Prednisone is used in the management of multiple conditions or diseases in which the immune system plays an important role. Prednisone belongs to a class of drugs known as corticosteroids. Corticosteroids work by decreasing the body’s immune system response to various diseases or conditions that produce symptoms such as swelling, inflammation, and allergic-type reactions.

How is Prednisone Used?

Prednisone is used alone or with other medications to treat symptoms when a person has low corticosteroid levels (a lack of certain hormones that are usually produced by the body and are needed for normal body functioning).

Prednisone is also used in people whose corticosteroid levels are normal, but who have conditions that require treatment to reduce swelling/redness or change how their immune system works. These conditions include certain types of arthritis, severe allergic reactions, serious systemic diseases such as multiple sclerosis or lupus, and nephrotic syndrome. It is typically the first drug of choice for most patients with primary nephrotic syndrome.

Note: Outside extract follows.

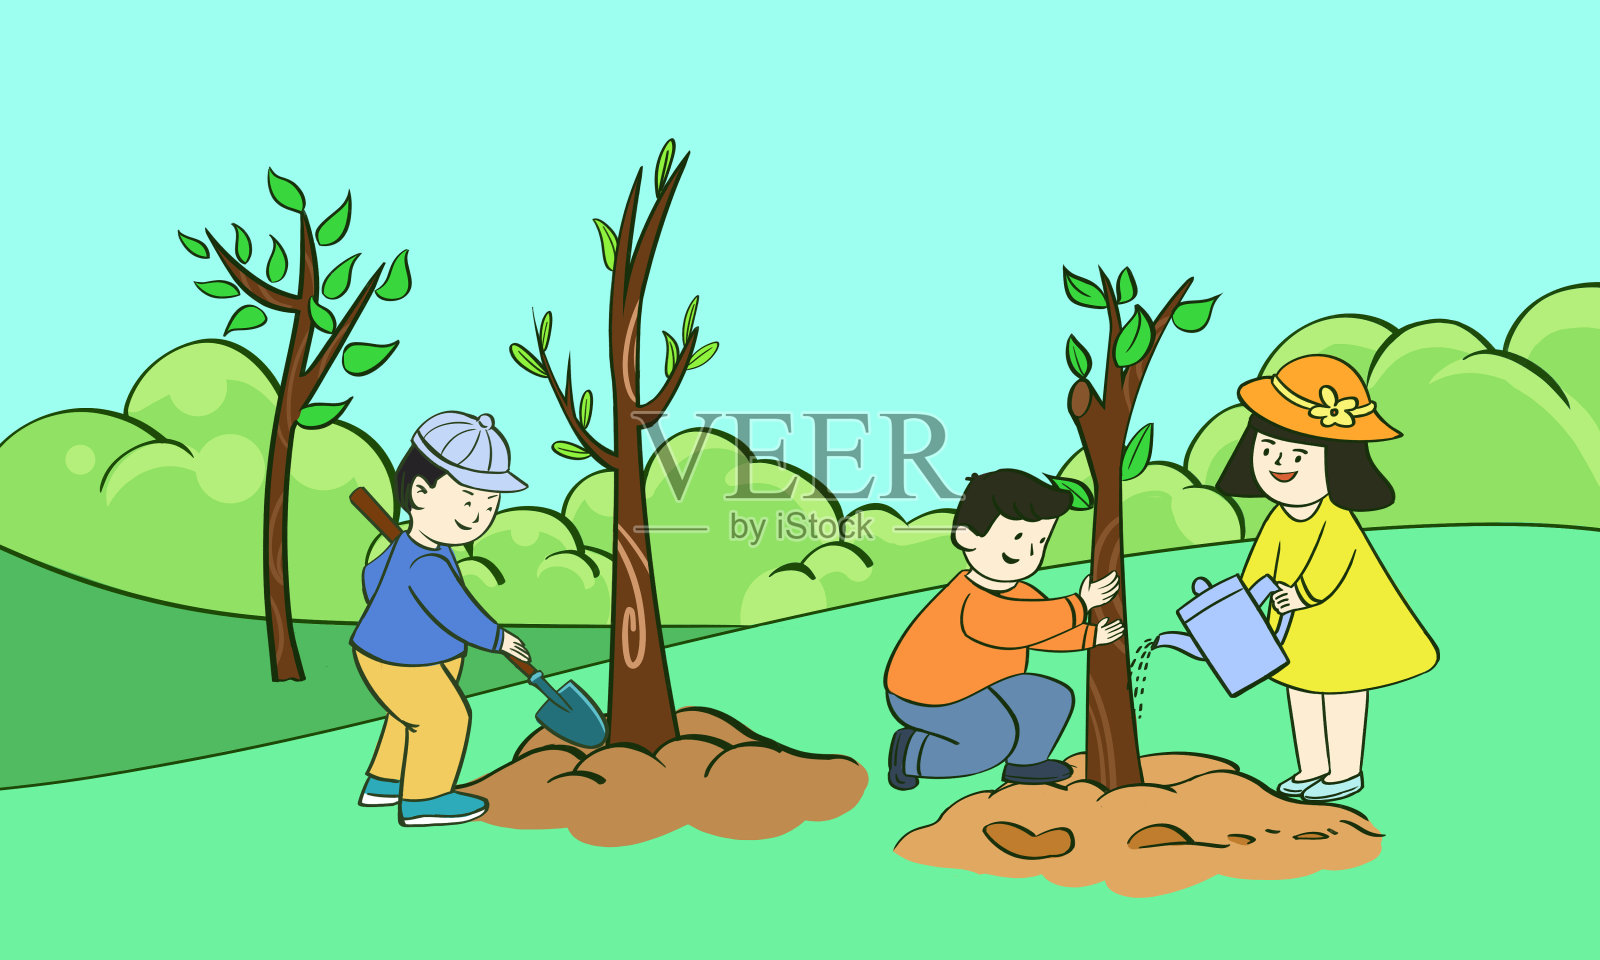 Kids planting trees in arbor day forest illustration image_picture free ...

How is Prednisone Administered?

Prednisone is taken by mouth, either in a tablet or liquid form. Patients prescribed prednisone should take it exactly as directed by their physicians. Using the medication as directed may help decrease the risk of potentially serious side effects and speed up recovery time. The dosage will be different for different patients.

Most doctors recommend taking prednisone at the same time each day. Taking this medicine with food or milk can help prevent stomach irritation. You should swallow the delayed-release tablet whole. Do not crush, break, or chew it.

If prescribed the oral liquid (prednisolone), measure the proper dose with a marked measuring spoon, oral syringe, or medicine cup. The average household teaspoon may not hold the right amount of liquid. Measure the concentrated liquid with the special oral dropper that comes with the package.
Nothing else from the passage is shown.